Personnel data is to be read from a file. Attributes for each
employee are presented as name/value pairs; some pairs occur once
only, but each person can have more than one qualification. The data
is to be accumulated in a hash, keyed by the person's name; each
person's hash contains their attributes, plus an reference to an array
containing their qualifications. This enables me (using other
programming not relevant here) to look up any employee by name and
present their attributes and qualifications.

Here's a runnable program which shows where I've got to. It gives the
wrong results and I'm trying to work out how to fix it.
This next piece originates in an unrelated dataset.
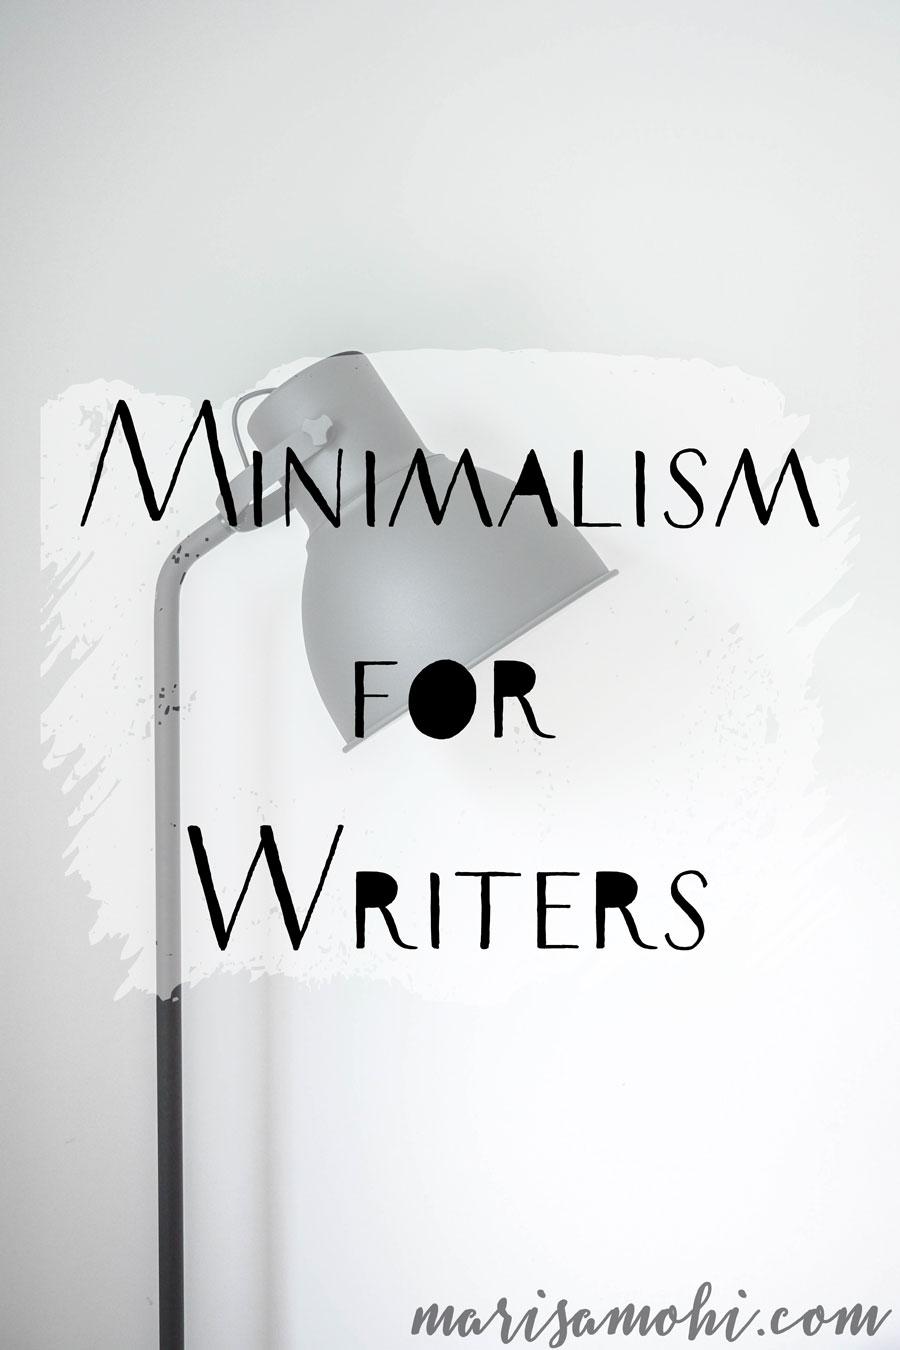 Minimalism for Writers

--------------- <start of example> -----------------
#! C:\Perl\bin\perl.exe

use strict;
use warnings;
use Data::Dumper;

my %people;
my %attrs;
my @quals;

while (my $rec = <DATA>) {
#my %attrs;
#my @quals;
chomp $rec;
if ($rec) {
my ($name,$value) = split /:/, $rec;
if ($name eq "qual") {
push @quals,$value;
next;
}
$attrs{$name} = $value;
} else { # End of person
$attrs{quals} = \@quals;
$people{$attrs{name}} = \%attrs;
#undef %attrs;
#undef @quals;
}
}
print Dumper(%people);

__END__
name:alice
occupation:analyst
born:aberdeen
qual:a1
qual:a2

name:bob
occupation:baker
status:broken
qual:b1
qual:b2
---------------- <end of example> ------------------

This results in
$VAR1 = 'alice';
$VAR2 = {
'quals' => [
'a1',
'a2',
'b1',
'b2'
],
'status' => 'broken',
'name' => 'bob',
'born' => 'aberdeen',
'occupation' => 'baker'
};

I can see what's wrong: %attrs and @quals have scope outside the
file-read loop, so when the program gets to Bob's records they either
add to or replace Alice's. But I can't define them inside the read
loop because they then disappear and reappear with each record (you
can see where I tried this in the comments). I've also tried
undef-ing the arrays at the end of each person (also as shown),
without getting the desired result.

Can someone make some suggestions? I'm prepared to structure the
whole program differently but the data format is a given.
 
A

Anno Siegel

Henry Law said:
I wonder if someone can help me with working out where to define my
variables so as to give the desired result here...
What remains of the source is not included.